Como si cada capítulo tuviese el don –más bien el talento al servicio de un don- de intervenir algún lugar de la conciencia más simple y llana: somos así de humanos. Eso se logra porque la serie no construye sus personajes a partir de sus posibilidades arquetípicas, es decir, desde su capacidad para representar en uno algo universal. Esto, a contracorriente de la tendencia cada vez más vista que supone aderezar argumentos con personajes que encarnan una idea representativa de un todo, que termina por consolidar los estereotipos de los que pretenden alejarse: la obviedad del Capitán Planeta o la políticamente correcta 100 días para enamorarse.
Cuando algo ahora es percibido como estereotipo se convierte, ipso facto, en un tabú o en algo condenable. Ya no se lo ubica en un contexto argumental para ver qué función está ocupando ese estereotipo dentro de la historia: ¿se trata de una burla burda? ¿Es una parodia? ¿Es una denuncia contra un sistema que ha naturalizado ciertas construcciones y es necesaria volverlas visibles? Para este ejercicio, alcanza con pensar en que hace un tiempo el personaje Apu fue casi excluido de Los Simpsons, una serie que hizo de la construcción de estereotipos una insignia de la denuncia.
Los personajes de Better Call Saul no pertenecen a ningún colectivo, ni le importan a nadie desde los estandartes que puedan representar. Son, si se quiere, el grado cero de lo humano. Gente arrojada a la vida en un tiempo y espacio. Por Alburquerque desfilan un tipo al que no le sale una, una novia abogada que la rema a brazo partido, un expolicía que trabaja en el peaje de un estacionamiento, y una serie de delincuentes que todavía no se han consolidado como los ases del narcotráfico que veríamos en Breaking Bad.
Y lo mejor es que no estamos ante una segunda parte de Breaking Bad, aunque la promocionaron como su precuela, es decir: como aquello que pasó antes de esa historia atrapante y bien contada que vimos, en la que un profesor de química iniciaba su propio barranca abajo al convertirse en el mayor productor de metanfetamina a nivel industrial. Better Call Saul es tan autosustentable que a los pocos capítulos de la primera temporada ya dejamos de esperar un cameo de Jesse o Walter White. Esta es otra historia.

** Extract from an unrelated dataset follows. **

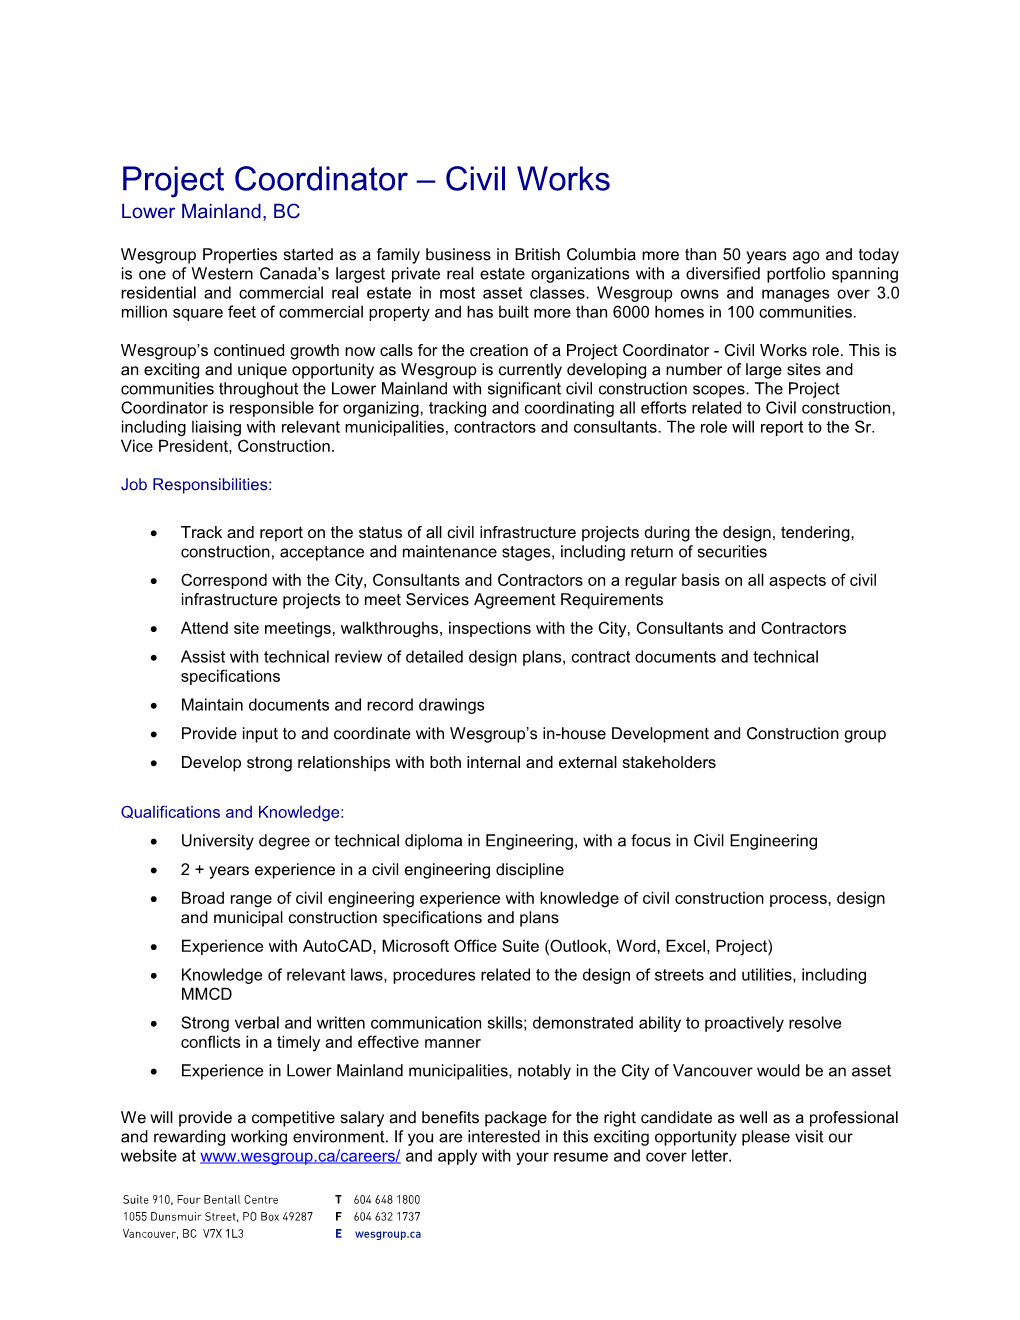 Project Coordinator Civil Works

Es la historia del fracaso
Es una historia que, de tan fina, no cuenta a través de los excluidos, sino a través de los invisibles: el personaje más atrapante que trabaja en un peaje, o minorías por las que nadie se embandera: los viejos. En Better Call Saul los viejos tienen voz, aún desde el lugar que ocupan que es la fragilidad. La serie, además –siempre además, como esos electrodomésticos del futuro a los que les vas descubriendo utilidades que no tenías previstas cuando te lo regalaron-construye al mundo de los abogados –los ricos del buffet y los modestos sin estudio- ya no con la gracia de Ally McBeall –el ER de los abogados- sino con el pasmoso peso de la ley y su aburrimiento a ultranza para los ajenos al rubro. Sin embargo, no aburre. Algo sigue funcionando bien. De pronto seguimos el juicio en el que los dos hermanos se enfrentan, comiéndonos las uñas como cuando en los 90 seguíamos a un bondi desbocado por la ciudad de Los Ángeles.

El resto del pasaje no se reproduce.